Raul Castro's role in the revolution's doomed overture, the July 1953 attack on the Moncada military barracks near Santiago, landed him in prison after the debacle, in which more than 100 rebels were killed or captured.
A May 1955 general amnesty freed the Moncada attackers, and Raul Castro fled to Mexico City to organise training for another assault. There he met Che, with whom he shared a deep ideological commitment to armed revolution for the Marxist cause.
The softness and sensitivity of his youth ground down by prison and exile, Raul Castro served as his brother's chief enforcer and is alleged to have cold-bloodedly executed recruits accused of betraying the revolution or wavering in commitment.
The Castro brothers and their guerrilla band returned to Cuba on December 2nd, 1956, deploying to mountain strongholds to wage what would prove a two-year insurgency.
After the New Year's Day 1959 triumph of the revolution, Raul took up his traditional role as Fidel's top lieutenant and, within days of the rebel army's arrival in Havana, married fellow revolutionary Vilma Espin.
They had one son and three daughters.
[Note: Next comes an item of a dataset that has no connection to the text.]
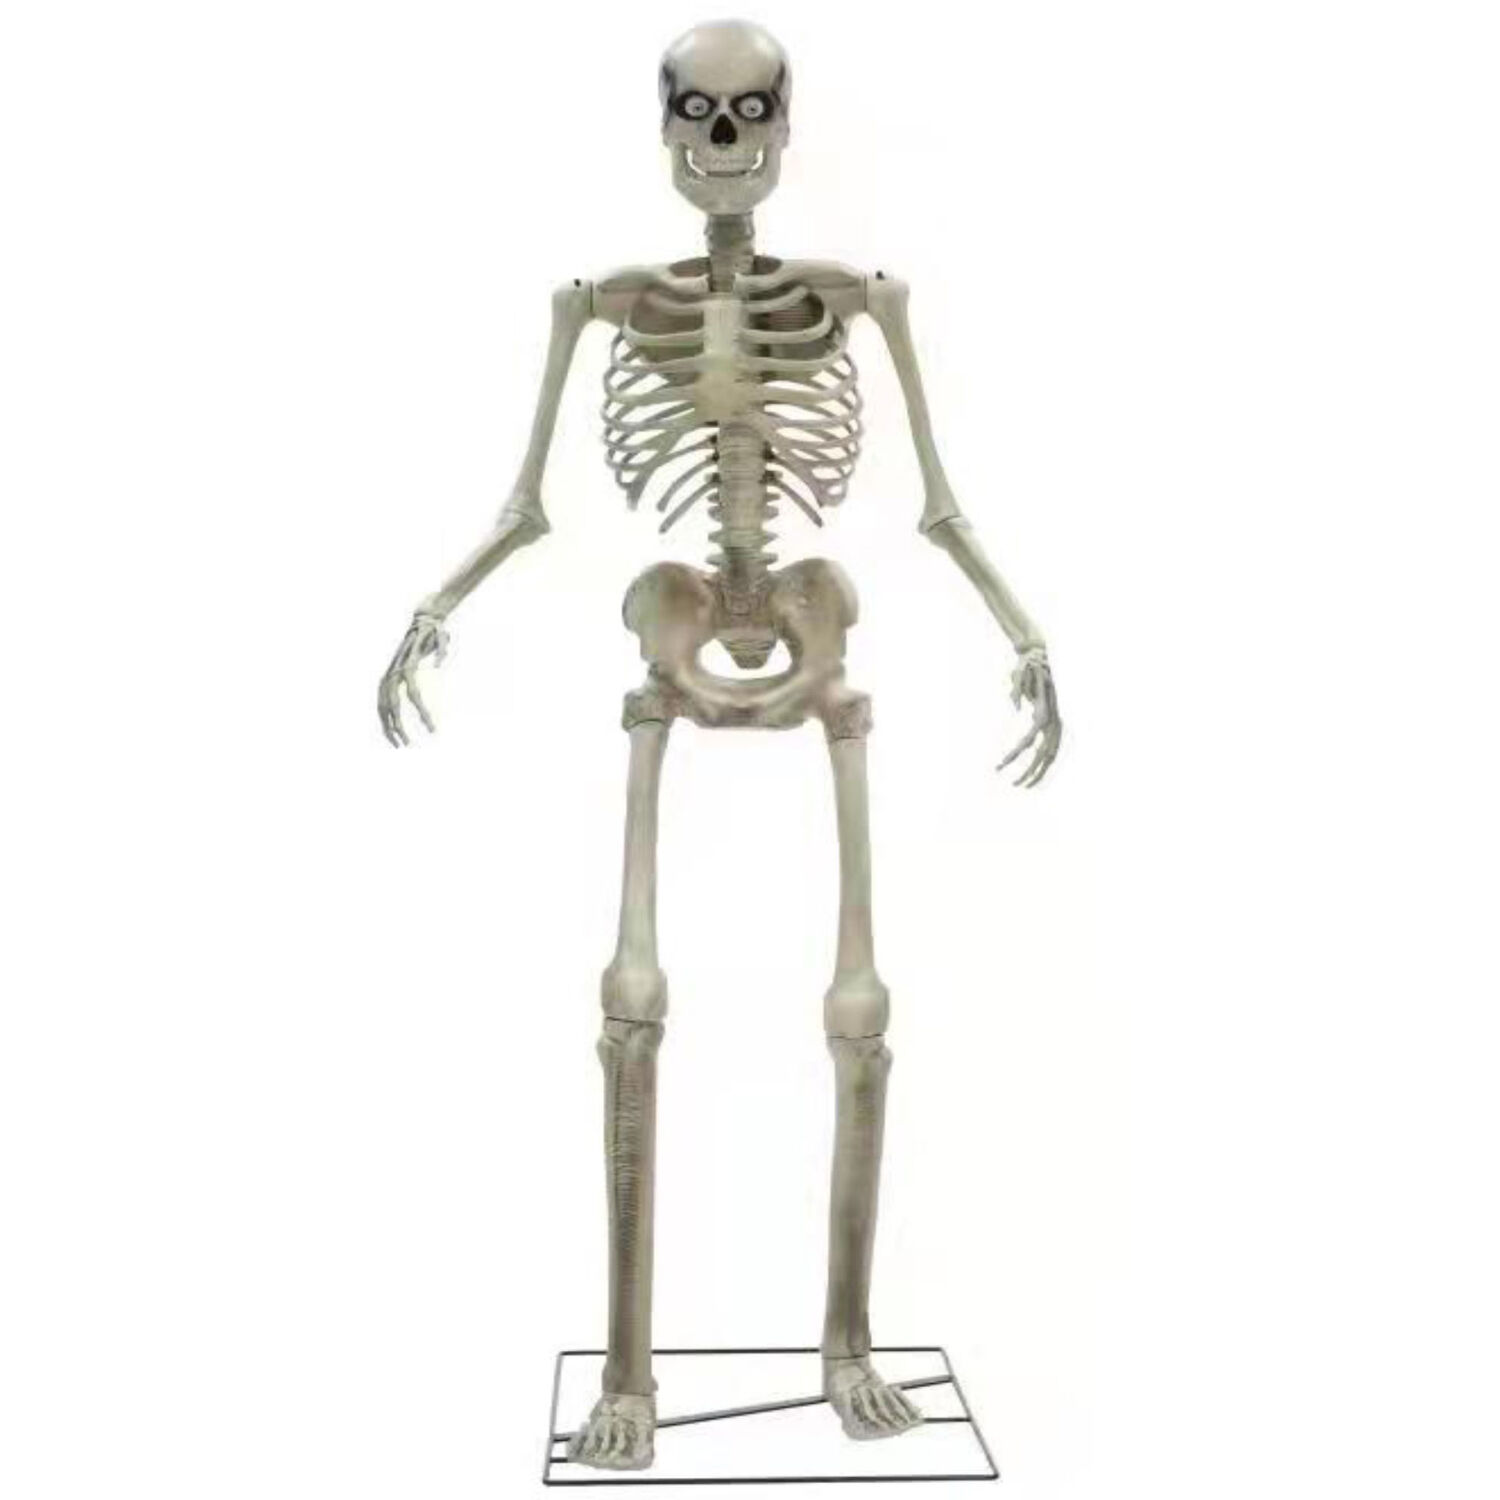 NEU Halloween-Deko-Figur Riesen-Skelett, ca. 240cm, mit Licht, Sound und Bewegung, strombetrieben

Espin has since remained active in the political hierarchy.
As personally reclusive as his sibling is fond of the limelight, Raul Castro has made few public appearances, given only a handful of interviews and has often disappeared for months or even years.
"Every so often a rumour gets started that I died," he quipped to Cuban journalists when he surfaced in December 1991 after a long absence.
"During the Pan-American Games, they were saying I was being kept in a freezer."